在 mysql 建表时候一般会指定字符集，大多数情况下为了更好的兼容性无脑选了 utf8mb4。但是有时会因为选错，或历史遗留问题，导致使用了 utf8 字符集。当两个表的字符集不一样，在使用字符型字段进行表连接查询时，就需要特别注意下查询耗时是否符合预期。

有次使用 left join 写一个 sql，发现用时明显超过预期，经过一顿折腾才发现是两个表字符集不一样，特此记录一下。

问题分析

mysql> select count( *) from app_bind_rel t left join app_config_control_sn p on t.host_sn = p.host_sn ;
+-----------+
| count( *) |
+-----------+
|     13447 |
+-----------+
1 row in set (0.89 sec)

例如上面的 sql，左表 1w 条数据，右表 400 多条数据，在 host_sn 字段上都有索引，查询竟然用了近 900ms，怎么会这么慢？

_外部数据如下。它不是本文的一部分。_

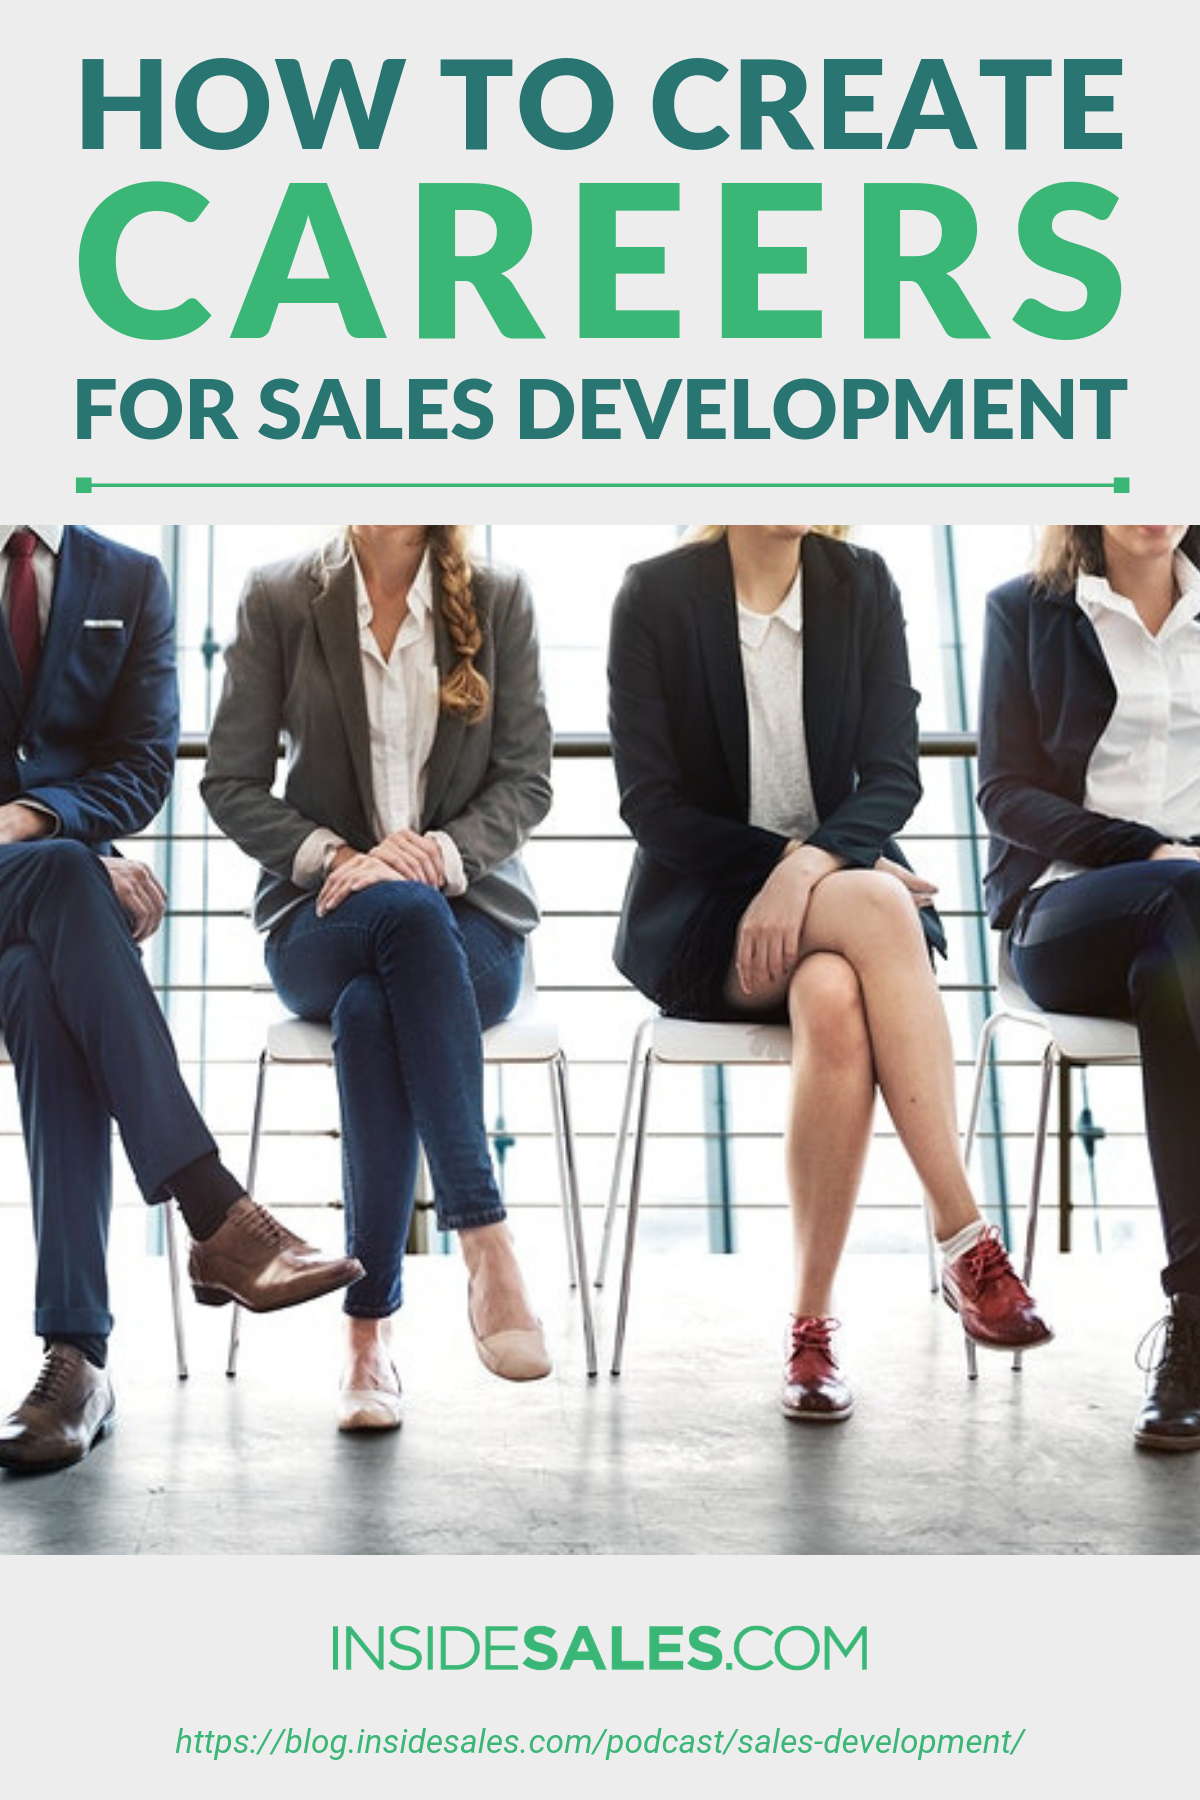 How To Create Careers For Sales Development https://www.insidesales.com/blog/podcast/sales-development/

mysql> explain select count( *) from app_bind_rel t left join app_config_control_sn p on t.host_sn = p.host_sn ;
+----+-------------+-------+------------+-------+---------------+-------------+---------+------+-------+----------+-----------------------------------------------------------------+
| id | select_type | table | partitions | type  | possible_keys | key         | key_len | ref  | rows  | filtered | extra                                                           |
+----+-------------+-------+------------+-------+---------------+-------------+---------+------+-------+----------+-----------------------------------------------------------------+
|  1 | simple      | t     | null       | index | null          | idx_host_sn | 122     | null | 10791 |   100.00 | using index                                                     |
|  1 | simple      | p     | null       | index | null          | idx_host_sn | 152     | null |   457 |   100.00 | using where; using index; using join buffer (block nested loop) |
+----+-------------+-------+------------+-------+---------------+-------------+---------+------+-------+----------+-----------------------------------------------------------------+
2 rows in set, 1 warning (0.00 sec)

查看下执行计划，的确是使用了索引，但是细看 extra 列发现较正常的连表查询多了“using join buffer (block nested loop)”这一信息，这个具体是什么意思我们后面再说。
然后我们再看下详细的执行计划，使用 explain formart=json。

{
  "query_block": {
    "select_id": 1,
    "cost_info": {
      "query_cost": "988640.52"
    },
    "nested_loop": [
      {
        "table": {
          "table_name": "t",
          "access_type": "index",
          "key": "idx_host_sn",
          "used_key_parts": [
            "host_sn"
          ],
          "key_length": "122",
          "rows_examined_per_scan": 10791,
          "rows_produced_per_join": 10791,
          "filtered": "100.00",
          "using_index": true,
          "cost_info": {
            "read_cost": "161.00",
            "eval_cost": "2158.20",
            "prefix_cost": "2319.20",
            "data_read_per_join": "2m"
          },
          "used_columns": [
            "host_sn"
          ]
        }
      },
      {
        "table": {
          "table_name": "p",
          "access_type": "index",
          "key": "idx_host_sn",
          "used_key_parts": [
            "host_sn"
          ],
          "key_length": "152",
          "rows_examined_per_scan": 457,
          "rows_produced_per_join": 4931487,
          "filtered": "100.00",
          "using_index": true,
          "using_join_buffer": "block nested loop",
          "cost_info": {
            "read_cost": "23.92",
            "eval_cost": "986297.40",
            "prefix_cost": "988640.52",
            "data_read_per_join": "865m"
          },
          "used_columns": [
            "host_sn"
          ],
          "attached_condition": "<if>(is_not_null_compl(p), (`db0`.`t`.`host_sn` = convert(`db0`.`p`.`host_sn` using utf8mb4)), true)"
        }
      }
    ]
  }
}

特别需要关注的是这一对 kv

"attached_condition": "<if>(is_not_null_compl(p), (`collection_bullet_0000`.`t`.`host_sn` = convert(`collection_bullet_0000`.`p`.`host_sn` using utf8mb4)), true)"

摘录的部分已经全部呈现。